What you will do: Your answer must be the line containing "Silk and Cotton" and each following line to the end of the listing below, copied exactly, with pictures removed and nothing added.

Data excerpt:

· · · · · · ·

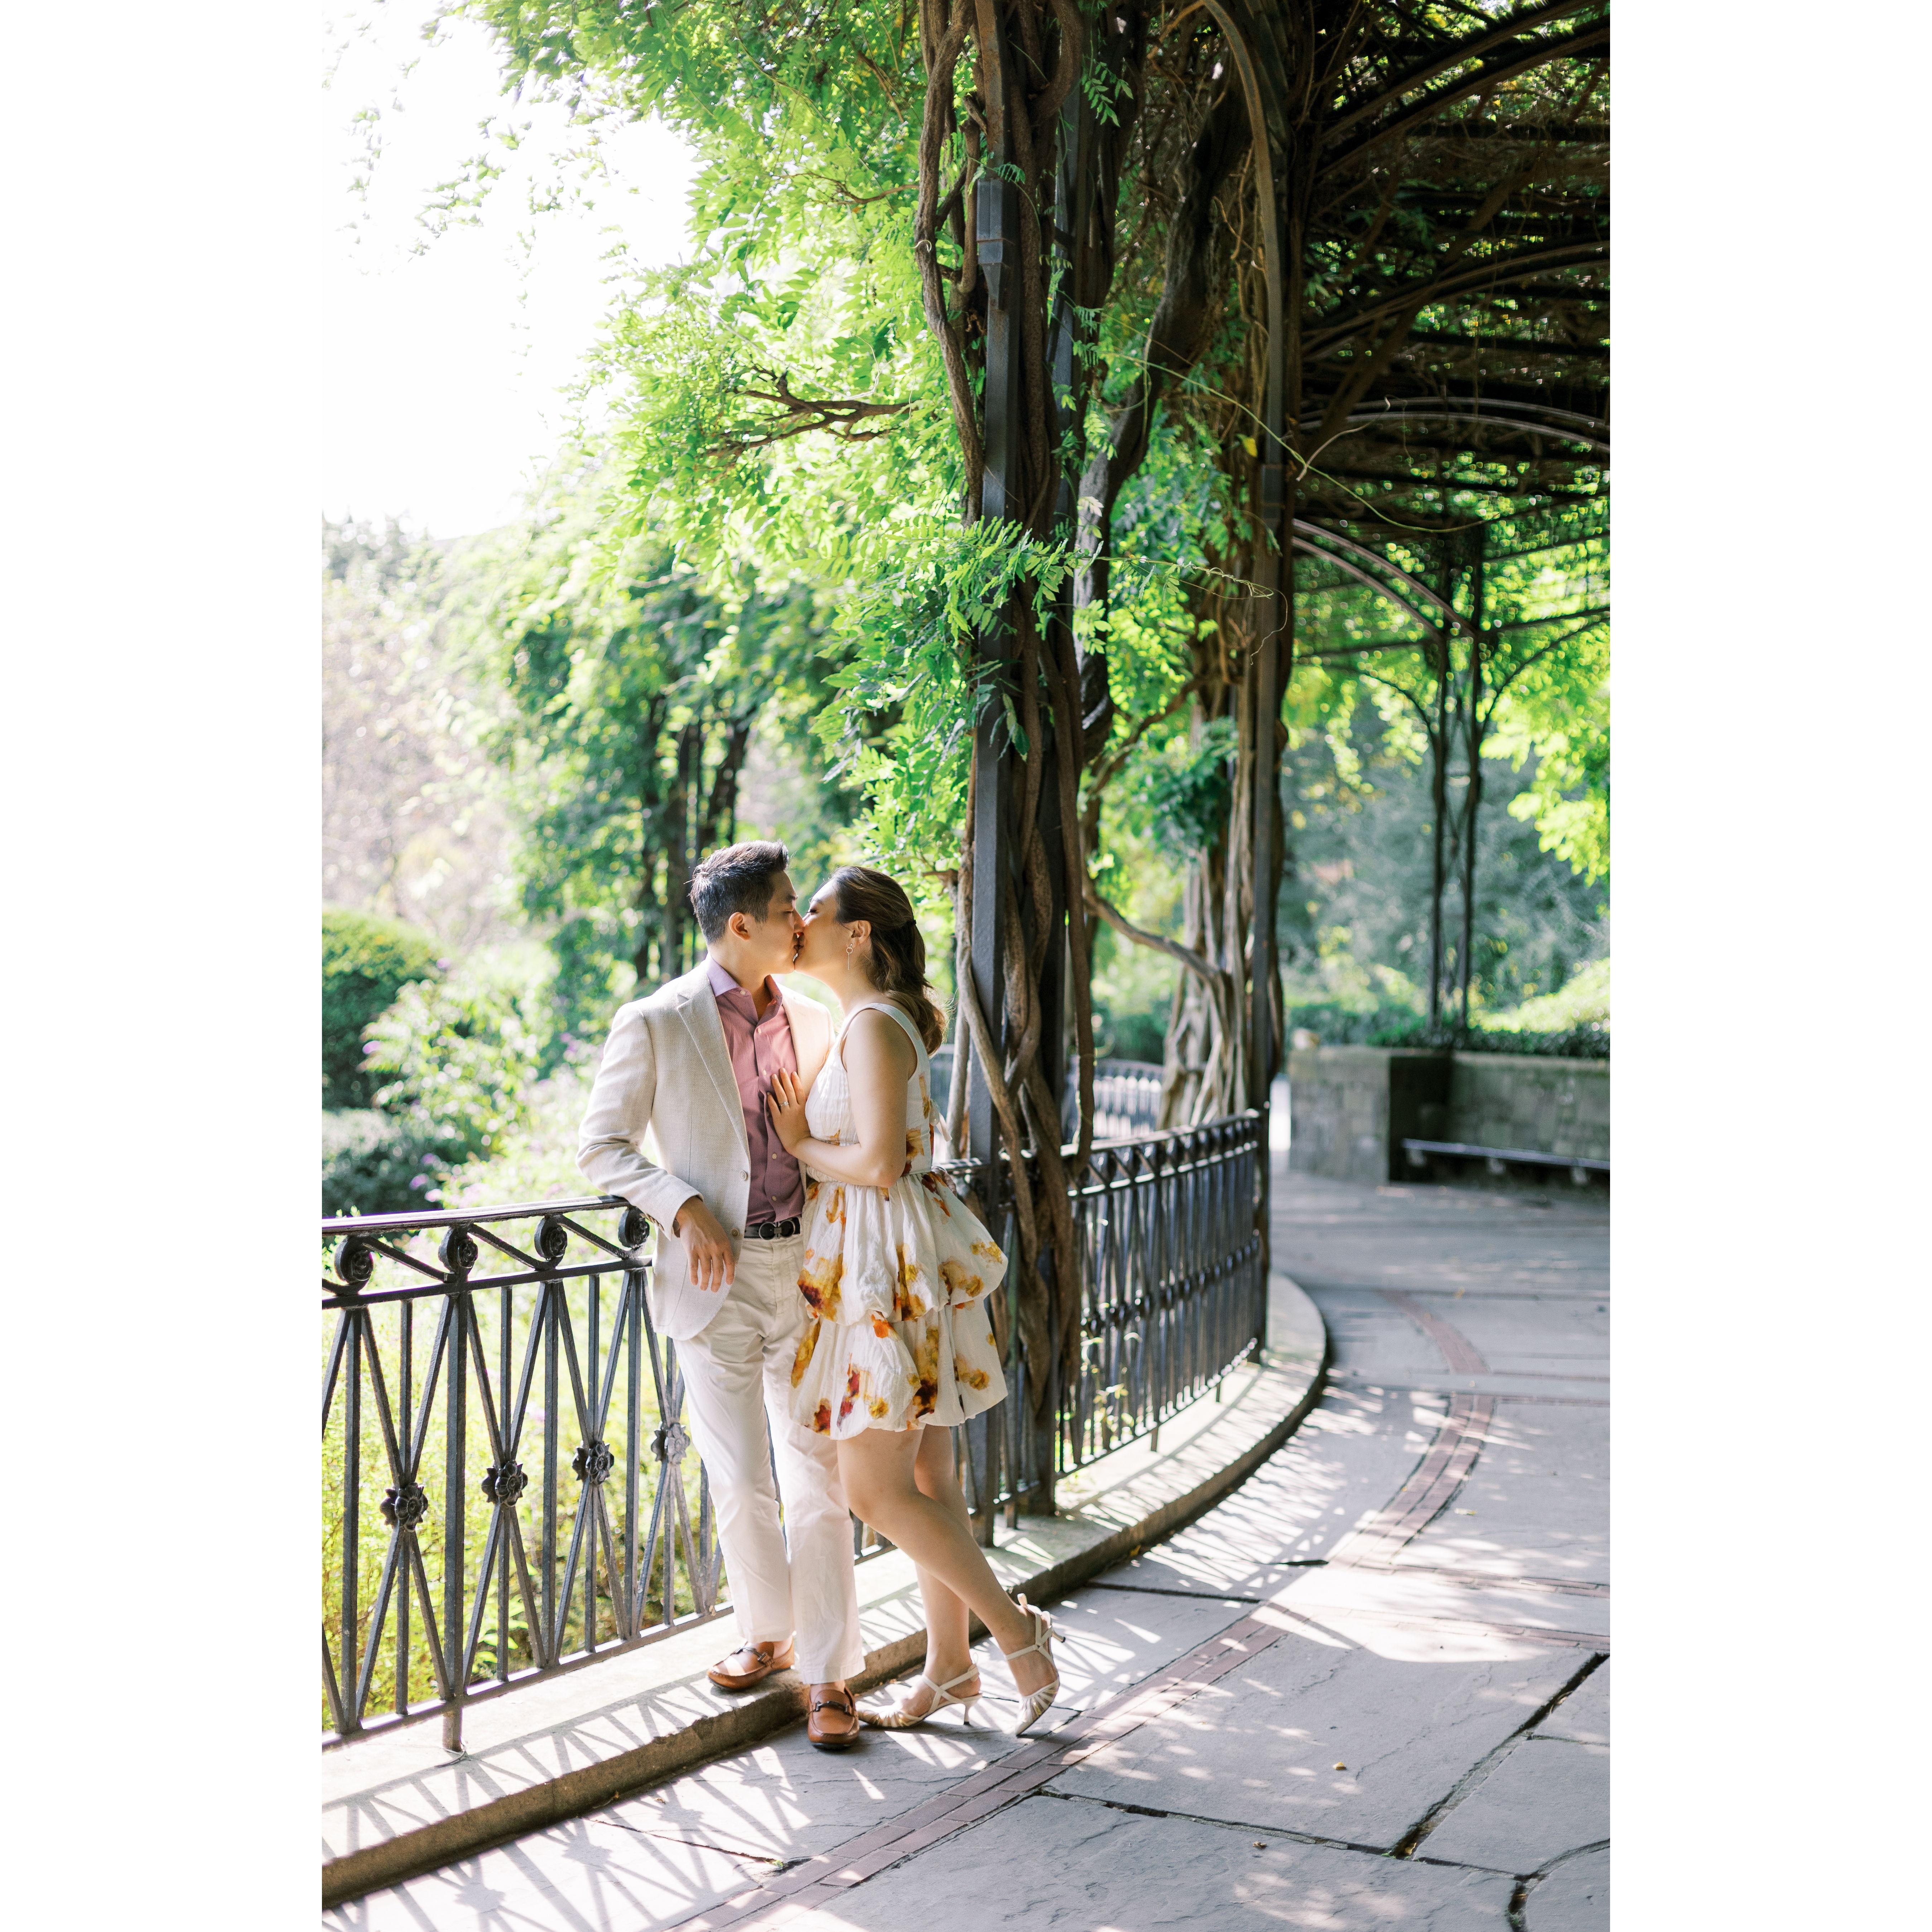 Sep 2022: Returning to the Conservatory Garden for our engagement shoot after 3 years in NYC
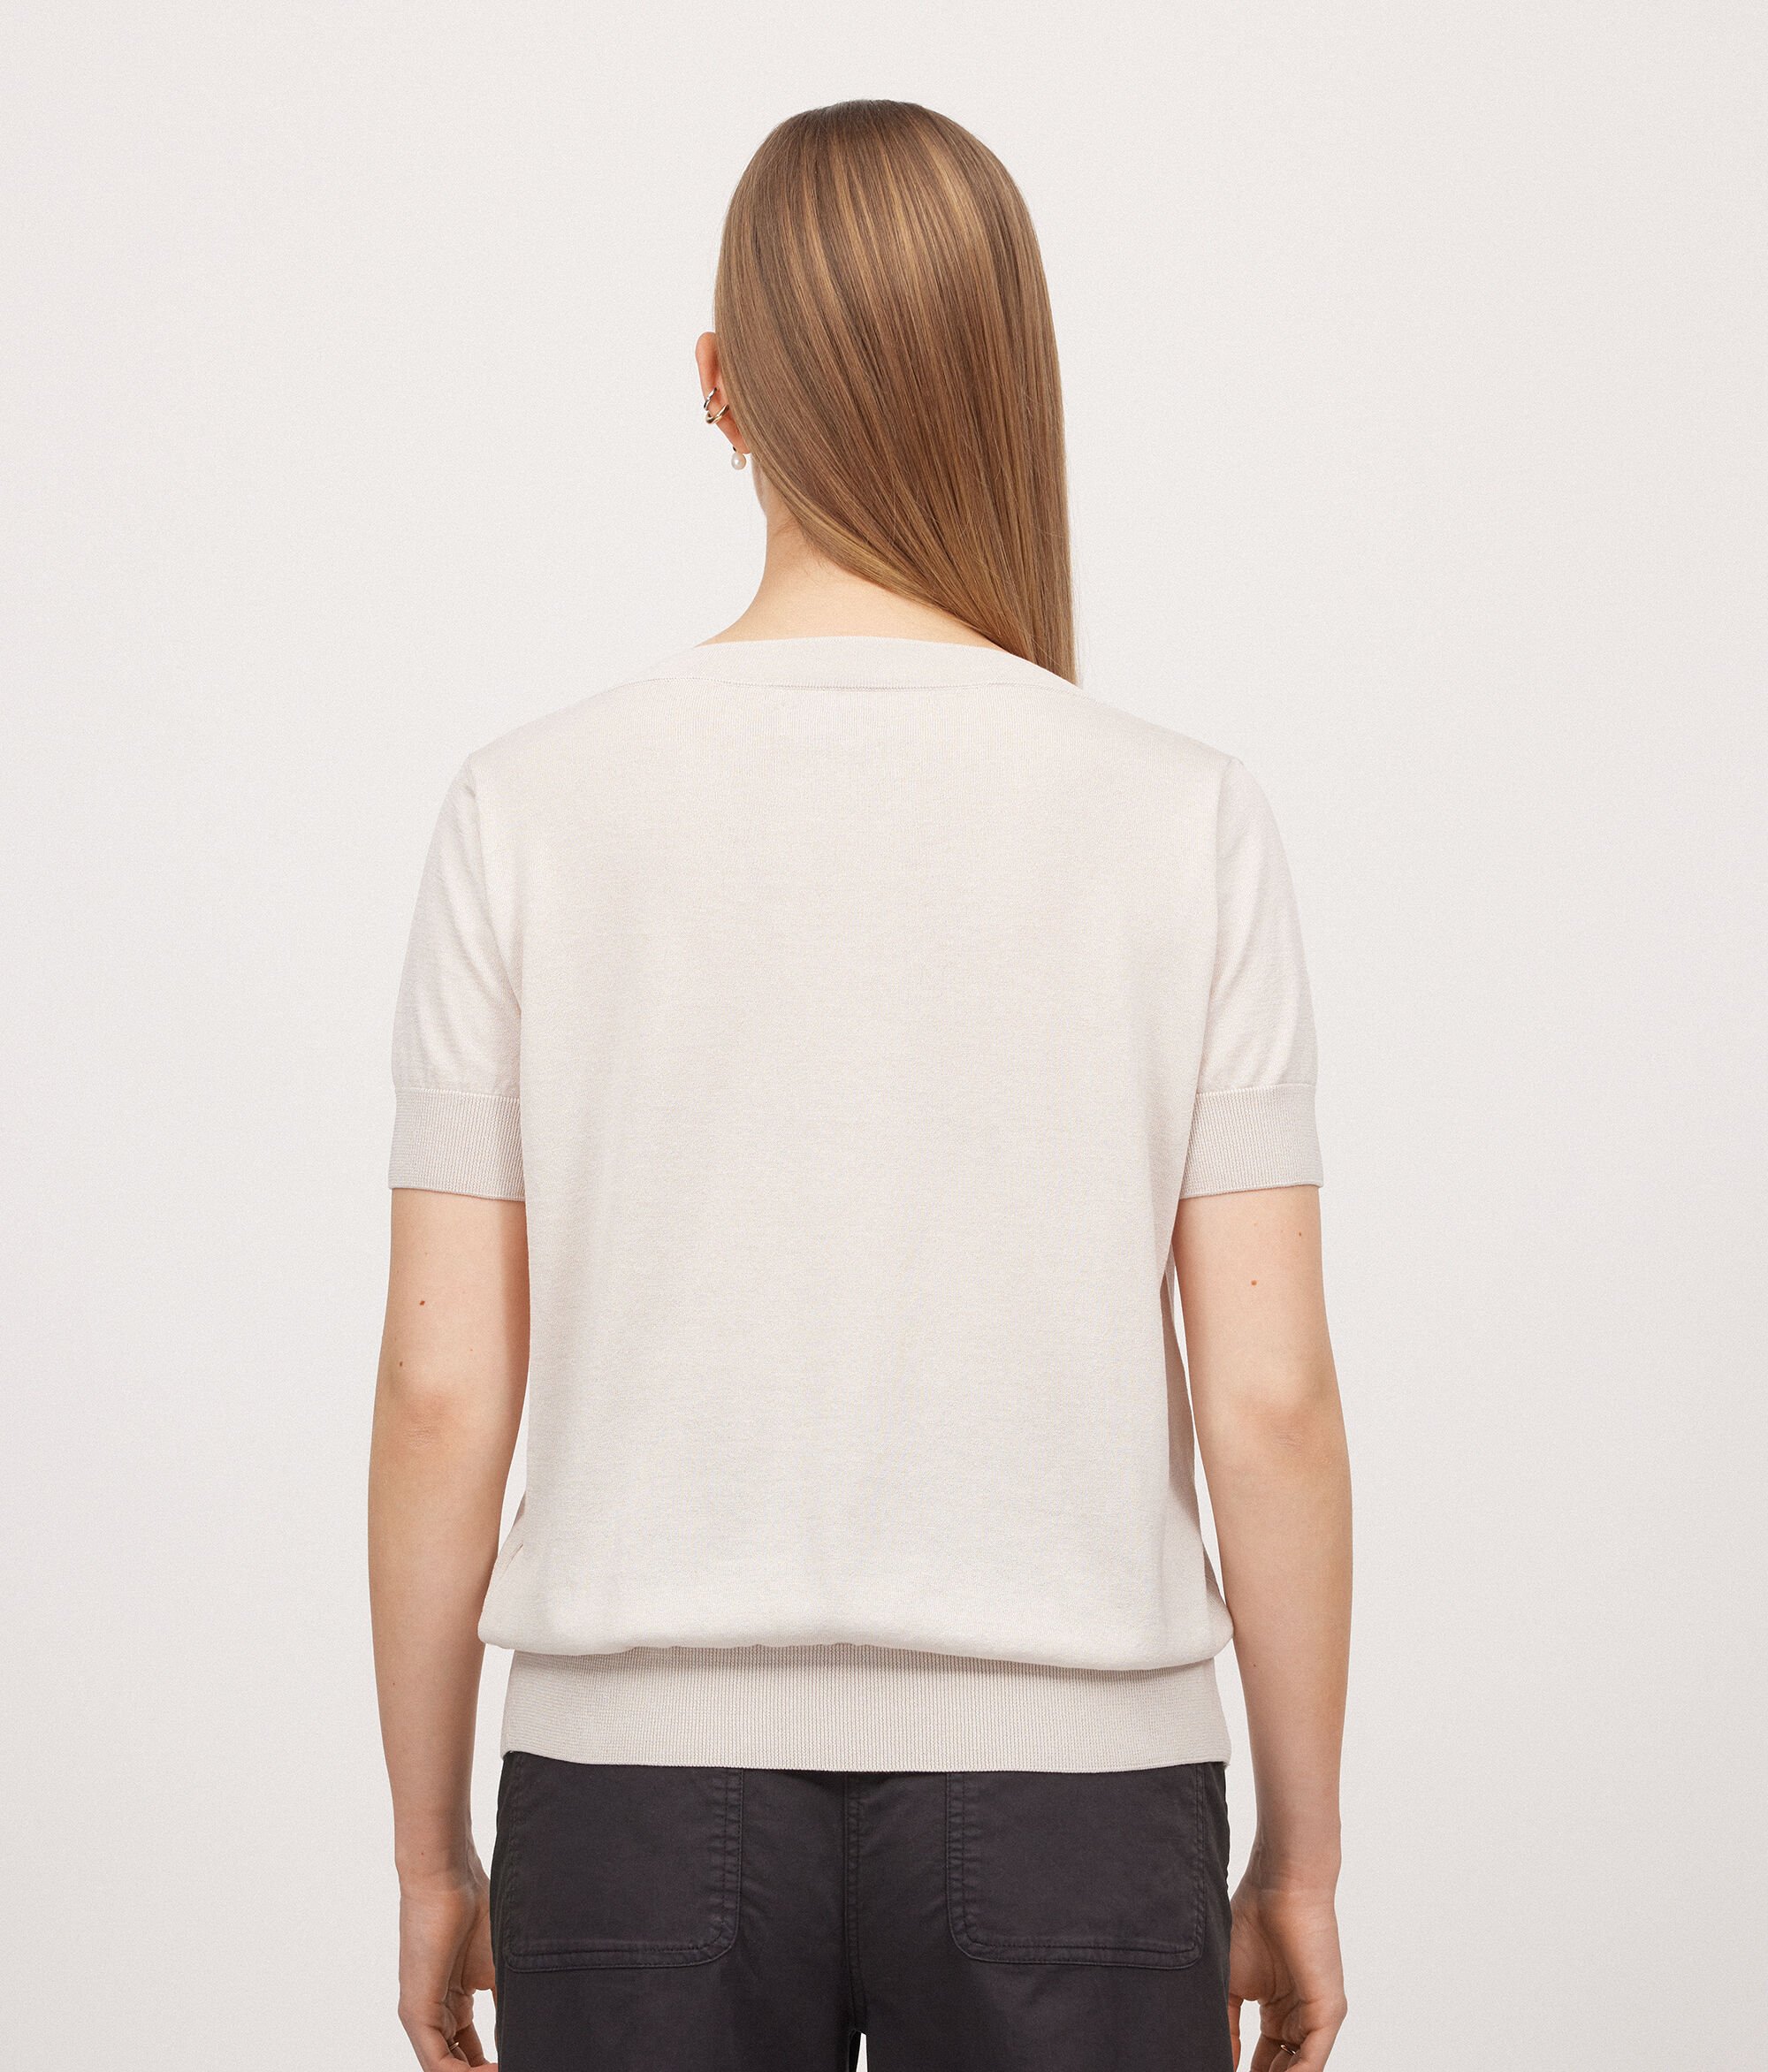 Silk and Cotton V-Neck Sweater with Short Sleeves
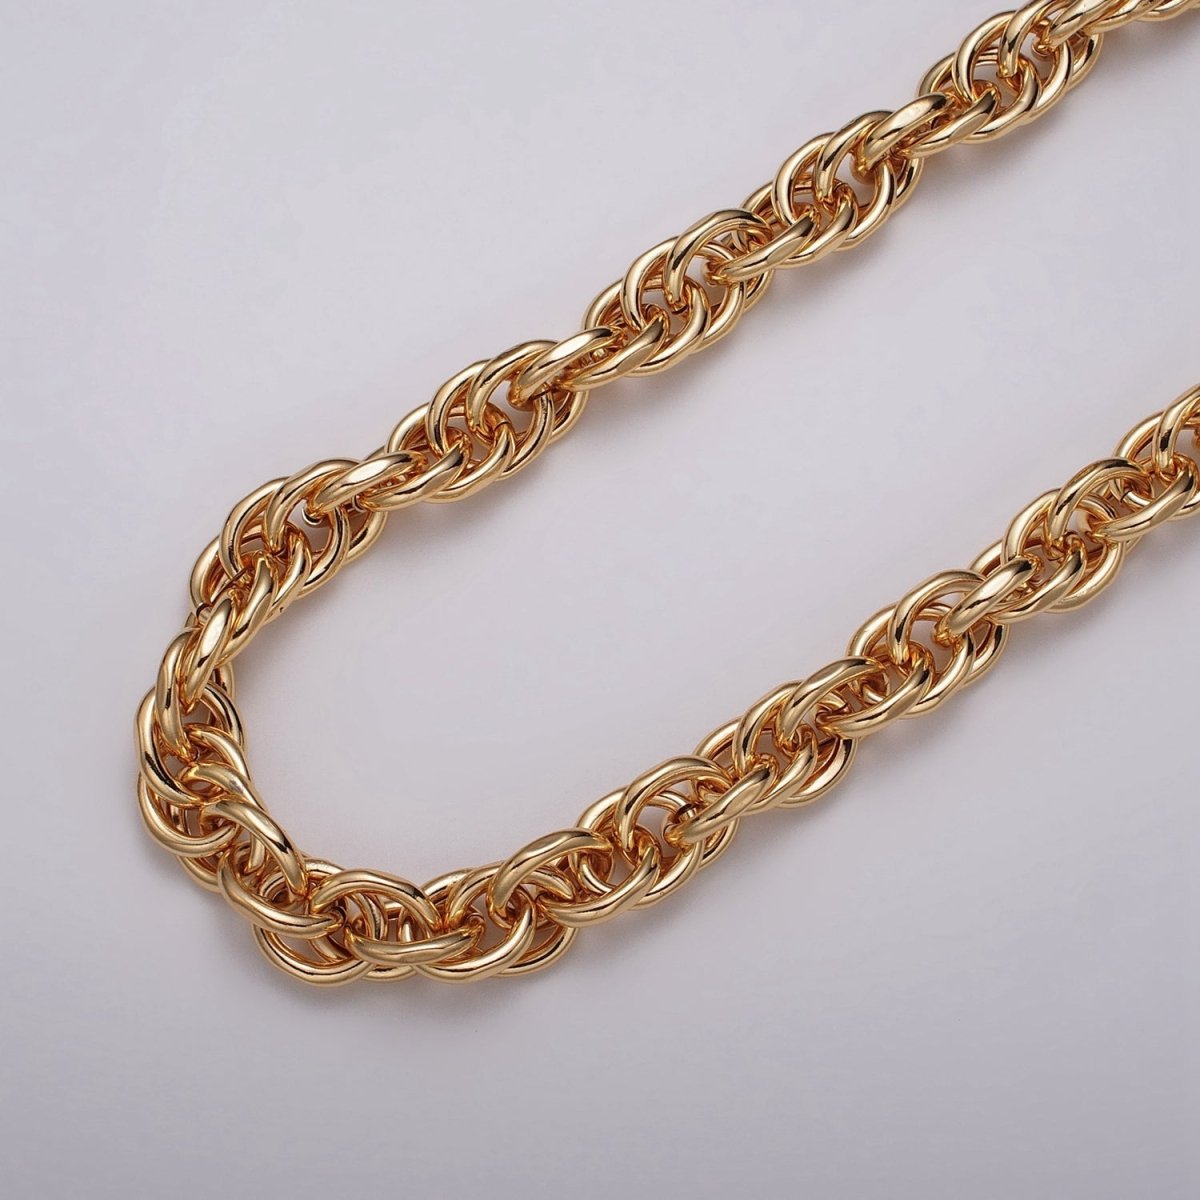 Unsoldered Gold Espiga Spiga Wheat Chain 13mm, 17.5mm Width for Statement Jewelry Unfinished Chain by Yard in Gold & Silver Unsoldered | ROLL-1183 ~ ROLL-1186 Clearance Pricing - DLUXCA

· · · · · · ·

Written reply:
 Silk and Cotton V-Neck Sweater with Short Sleeves
 Unsoldered Gold Espiga Spiga Wheat Chain 13mm, 17.5mm Width for Statement Jewelry Unfinished Chain by Yard in Gold & Silver Unsoldered | ROLL-1183 ~ ROLL-1186 Clearance Pricing - DLUXCA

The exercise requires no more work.